The code uses structures, pointers, and POSIX getline()
.
#include <assert.h>
#include <stdio.h>
#include <stdlib.h>
enum { MAX_INFO = 64 };
struct info
{
int user_id;
char greeting[32];
char month[4];
int day;
int hour;
int minute;
};
static size_t parse_line(const char *buffer, size_t num_left, struct info *data);
static void print_info(size_t i, const struct info *data);
int main(void)
{
char *buffer = NULL;
size_t buflen = 0;
struct info data[MAX_INFO];
size_t num_left = MAX_INFO;
struct info *next_data = data;
int length;
while (num_left > 0 && (length = getline(&buffer, &buflen, stdin)) != -1)
{
assert(length > 0);
buffer[length - 1] = '\0';
printf("[%s]\n", buffer);
if (buffer[0] != '|')
break;
size_t num_read = parse_line(buffer + 1, num_left, next_data);
printf("Read: %zu\n", num_read);
if (num_read == 0)
break;
next_data += num_read;
num_left -= num_read;
}
free(buffer);
size_t num_used = MAX_INFO - num_left;
for (size_t i = 0; i < num_used; i++)
print_info(i, &data[i]);
return 0;
}
static size_t parse_line(const char *buffer, size_t num_left, struct info *data)
{
char marker;
int offset = 0;
size_t num_read = 0;
int rc;
while (num_read < num_left &&
(rc = sscanf(buffer, "%d : %31s %3s %d %d : %d %c%n",
&data->user_id, data->greeting, data->month, &data->day,
&data->hour, &data->minute, &marker, &offset)) == 7 &&
(marker == ',' || marker == '|'))
{
num_read++;
if (marker == '|')
break;
buffer += offset;
offset = 0;
data++;
}
if (rc != 7 || (marker != ',' && marker != '|'))
printf("rc = %d, marker = '%c'\n", rc, marker);
return num_read;
}
static void print_info(size_t i, const struct info *data)
{
printf("Info[%zu]: %d [%s] (%s %2d %.2d:%.2d)\n",
i, data->user_id, data->greeting, data->month, data->day, data->hour, data->minute);
}
As noted in the commentary on Pass 1, not all the spaces in the format string are necessary — those before a %d
or %s
conversion specification could be omitted.
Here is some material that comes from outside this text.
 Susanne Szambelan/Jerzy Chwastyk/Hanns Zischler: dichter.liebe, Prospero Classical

The code in the main program is responsible for skipping the initial |
— it would be possible and probably even sensible to move that checking into the parse_line()
function.
Data file:
|999: Hello! Jan 20 15:00, 875: Hi! Jan 20 17:00|
| 666 : Beast Nov 20 13 : 17 , 617 : Squadron Jul 31 08 : 14 , 314159 : Pie Nov 26 00:00 |
|667: Beast Nov 21 14:18,618:Squadron Jul 22 9:15,314159:SweetiePie Nov 27 01:01|
|0:Short Dec 25 08:00|
Example output:
[|999: Hello! Jan 20 15:00, 875: Hi! Jan 20 17:00|]
Read: 2
[| 666 : Beast Nov 20 13 : 17 , 617 : Squadron Jul 31 08 : 14 , 314159 : Pie Nov 26 00:00 |]
Read: 3
[|667: Beast Nov 21 14:18,618:Squadron Jul 22 9:15,314159:SweetiePie Nov 27 01:01|]
Read: 3
[|0:Short Dec 25 08:00|]
Read: 1
Info[0]: 999 [Hello!] (Jan 20 15:00)
Info[1]: 875 [Hi!] (Jan 20 17:00)
Info[2]: 666 [Beast] (Nov 20 13:17)
Info[3]: 617 [Squadron] (Jul 31 08:14)
Info[4]: 314159 [Pie] (Nov 26 00:00)
Info[5]: 667 [Beast] (Nov 21 14:18)
Info[6]: 618 [Squadron] (Jul 22 09:15)
Info[7]: 314159 [SweetiePie] (Nov 27 01:01)
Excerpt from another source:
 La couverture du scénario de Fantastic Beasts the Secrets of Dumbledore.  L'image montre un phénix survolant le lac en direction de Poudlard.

Info[8]: 0 [Short] (Dec 25 08:00)
Pass 1 — Two messages per line
It requires a little care in the format string, but the line shown in the question can be parsed with sscanf()
easily enough as long as the 'message' never contains any blanks. (If the message can contain blanks, it is messy to parse regardless of whether you use sscanf()
or any other technology.)
#include <stdio.h>
#include <stdlib.h>
int main(void)
{
char data[] = "|999: Hello! Jan 20 15:00, 875: Hi! Jan 20 17:00|";
struct info
{
int user_id;
char message[32];
char month[4];
int day;
int hour;
int minute;
} info[2];
int rc;
if ((rc = sscanf(data, "|%d : %31s %3s %d %d : %d , %d : %31s %3s %d %d : %d |",
&info[0].user_id, info[0].message, info[0].month, &info[0].day, &info[0].hour, &info[0].minute,
&info[1].user_id, info[1].message, info[1].month, &info[1].day, &info[1].hour, &info[1].minute)) != 12)
{
fprintf(stderr, "Oops: sscanf() failed (rc = %d)!\n", rc);
exit(1);
}
printf("Info[%d]: %d [%s] (%s %2d %.2d:%.2d)\n",
0, info[0].user_id, info[0].message, info[0].month, info[0].day, info[0].hour, info[0].minute);
printf("Info[%d]: %d [%s] (%s %2d %.2d:%.2d)\n",
1, info[1].user_id, info[1].message, info[1].month, info[1].day, info[1].hour, info[1].minute);
return 0;
}
Output:
Info[0]: 999 [Hello!] (Jan 20 15:00)
Info[1]: 875 [Hi!] (Jan 20 17:00)
Not all the spaces in the format string are necessary — those before %d
or %s
conversion specifications could be omitted. You could add a space before the first |
, and the last space and last |
are also superfluous — you'll never know if they were matched. If you needed to find out, you could do so by adding %n
after the final |
and adding an extra argument &offset
(defined as int offset = 0;
) as the final argument to the call of sscanf()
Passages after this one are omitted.